A British Crooner named Ronnie Carroll sings a few songs and is peripherally part of the plot, I don't know much about that crooner.

The Hidden Fortress aka 隠し砦の三悪人 directed by Akira Kurusawa.
I must admit I was a bit ill prepared when I started watching this movie and had to pause it, and look up a few things of what I'm actually watching, then my hair went straight, when I read this was directed by Akira Kurusawa (and starring Toshiro Mifune!), I knew I didn't have to worry since I'm lead by one of the masters of cinema, and what a fantastic and funny adventure he brought me. Thankfully subititled in English.
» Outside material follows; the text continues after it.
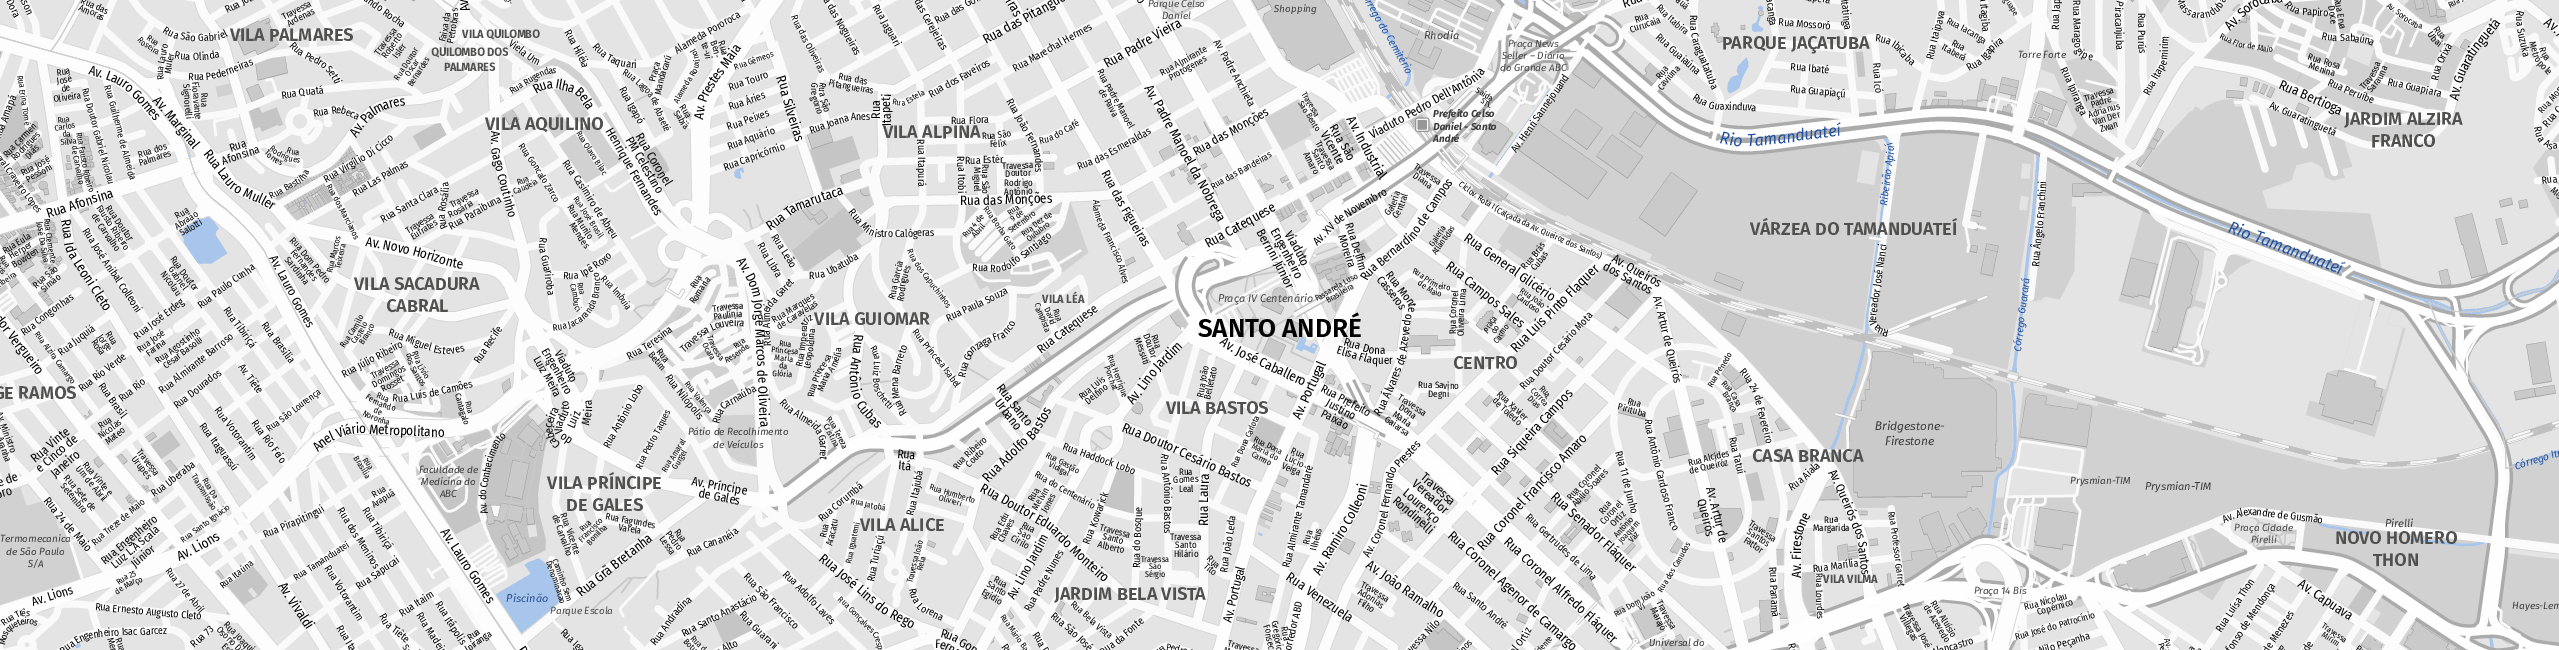 Stadtplan Santo André zum Downloaden.
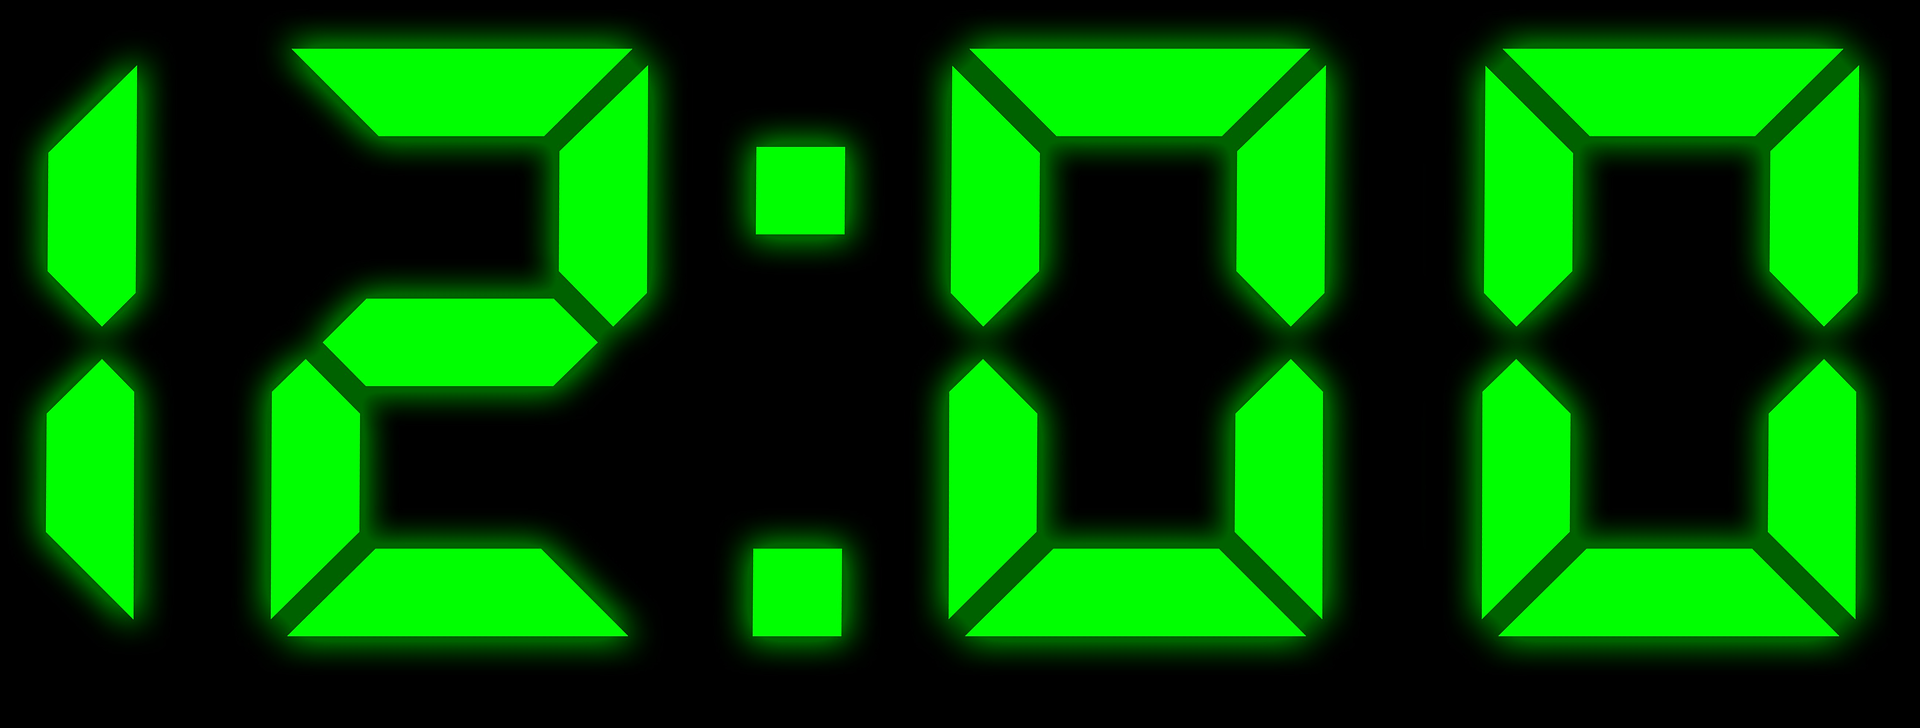 22 0.14. Цифры электронных часов. Электронные часы зеленые. Часы цифровые зеленые. Электронные часы 12 00.

The Rockets of Calabuch aka simply as Calabuch directed by Luis Gracia Berlanga (thanks london777 ).
I normally avoid Spanish movies, mainly since it was lead by a senile and cruel generalsimo for too many years.
That doesn't take a way that this was a very sweet and lovely movie to watch (and 10 minutes longer than our old sight says).
Tired of the armory race a rocket professor just had enough, relocates to a small coastal Spanish village, there he taken for a bum, and he likes it. It feels like a strange mix of an English Ealing comedy and an Italian farce, and somehow it nearly works most of the time.
Edmund Gwenn made his screen farewell here, and beautiful Italian actress Valentina Cortese plays a school marm (it was an Italian co-production).
The small coastal town of Calabuch was played by a real location named Peñíscola.

Streets of Laredo 1949 directed by Leslie Fenton, and in some part's maybe based on King Vidor's The Texas Rangers of 1936, if so I'm glad they skipped that whole native American part of the story, since with modern eyes I thought some parts was offensive.
This is an old fashioned movie in Technicolor with likable stars of the time, and I more or less knew what I was going to get, and I got it, and I was pleased. A pleasant watch, and what's wrong with that!
Laredo Tx still exists, and has grown from being a one street town depicted in the movie (I knew that! It was just fun looking it up)
...and that was the end of my presentation.